Brazilian actress (born 1953)

Matilde Raspa Mastrangi (born 18 March 1953 in São Paulo, Brazil) is a Brazilian actress.

== Career ==
Mastrangi was originally a photomodel who also posed for the magazine Sétimo Céu. In 1971, singer Wanderley Cardoso arranged her to work as a dancer on Silvio Santos TV show.

Mastrangi made her acting debut in 1974 with As Cangaceiras Eróticas, an erotic comedy by Roberto Mauro. She continued her acting career with films like Bacalhau (1976). She became a popular figure of pornochanchadas and during these years, she was considered as one of the most important actresses of the genre along with Helena Ramos and Aldine Müller.

She was cast in the later-to-be controversial film Amor Estranho Amor (1982) where she plays Olga, a cougar-like prostitute who took an interest in the young protagonist, Hugo, played by then 11 year old Marcelo Ribeiro and was the first prostitute to make her move on young Hugo.

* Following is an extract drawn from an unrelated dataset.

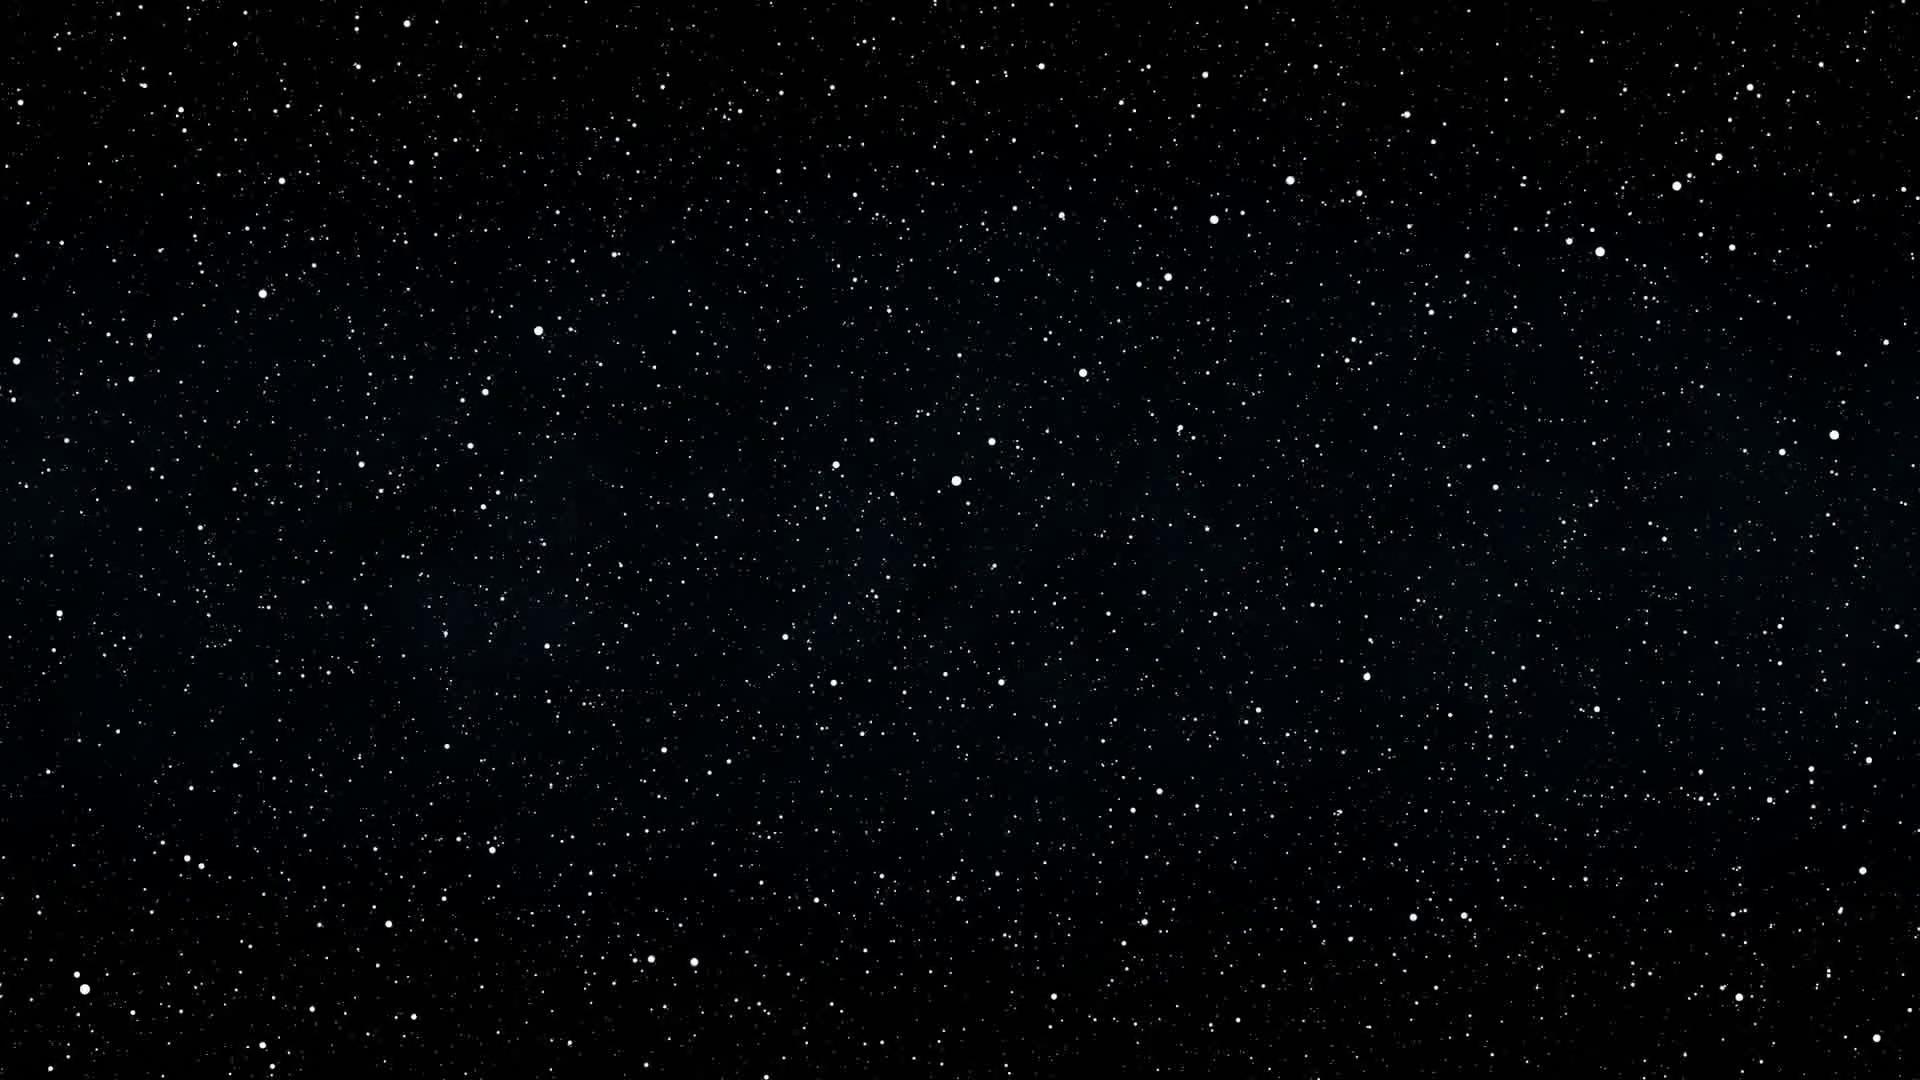 27 Star Wars Galaxies Background On Wallpapersafari
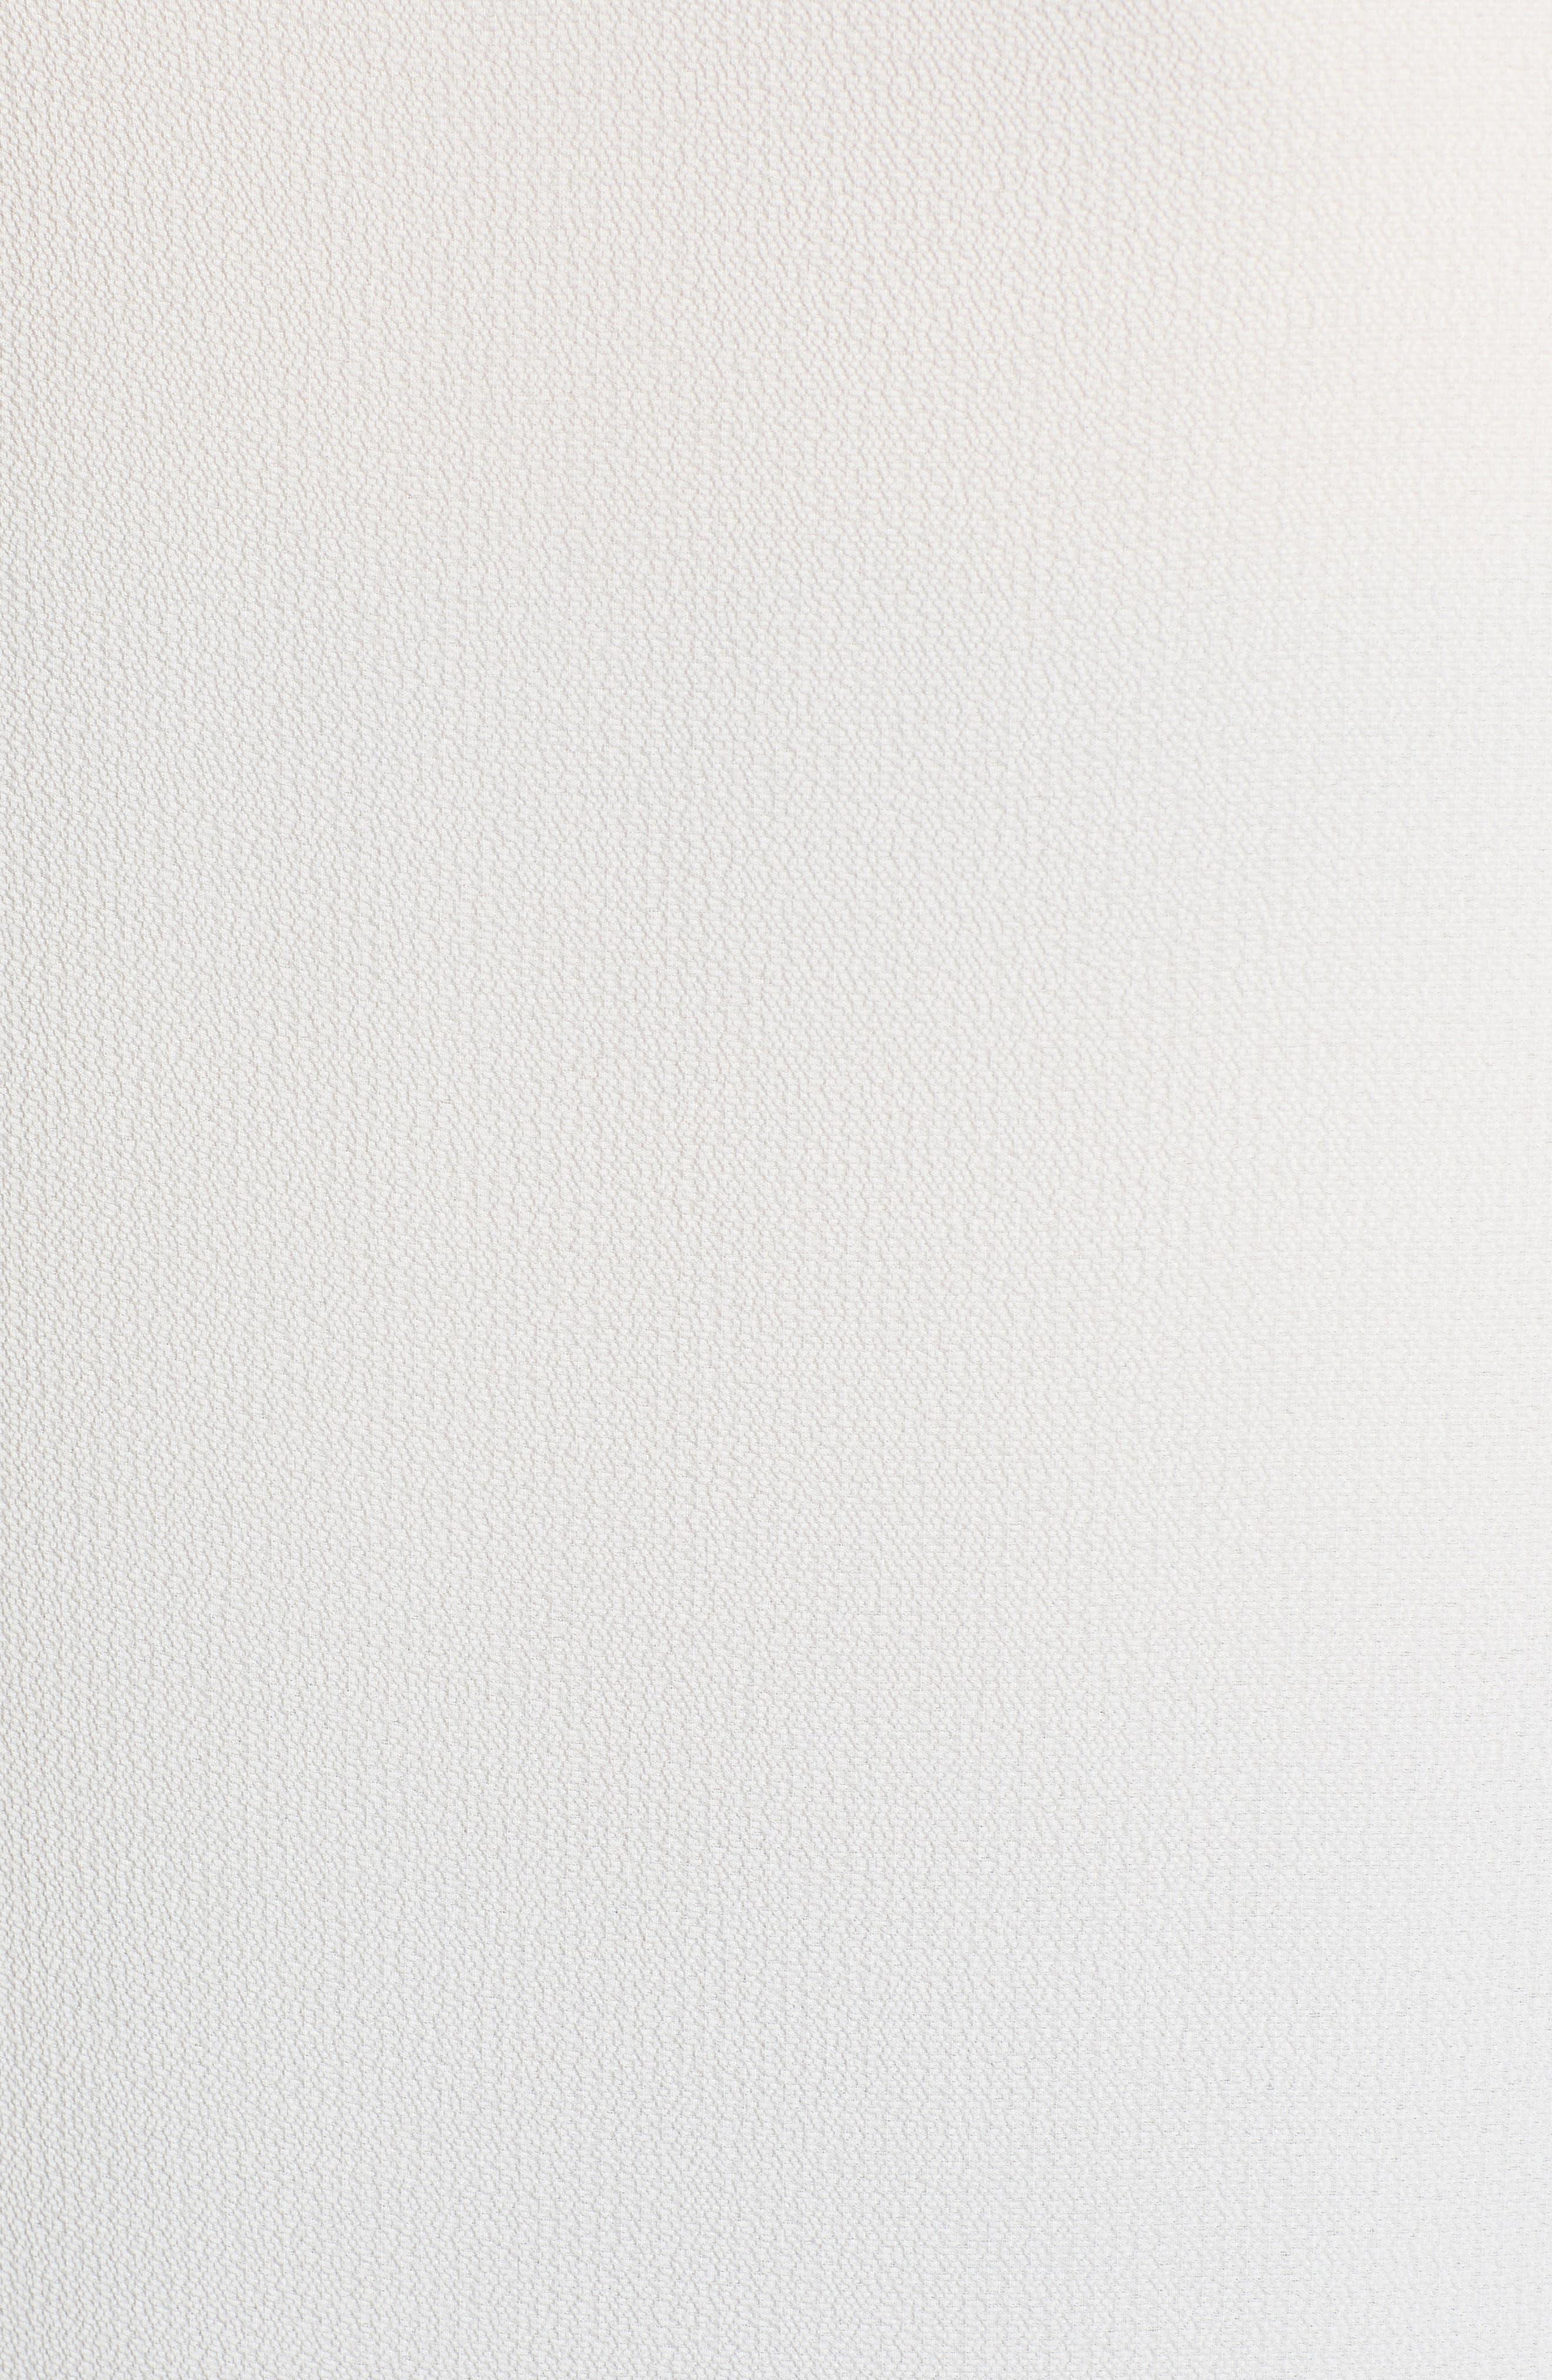 Lace Detail Stretch Crepe Tank Top,                             Alternate thumbnail 6, color,                             Ivory Cloud

She posed for February 1984 issue of Playboy Brasil.

After the fading of pornochanchada in popularity, she passed to other genres, including all films directed by Guilherme de Almeida Prado such as Perfume de Gardênia (1992).

== Personal life ==
Mastrangi is married to actor Oscar Magrini whom she met during the shooting of Uma Ilha Para Três, in 1980. The couple have a daughter named Isabella and live in Atibaia.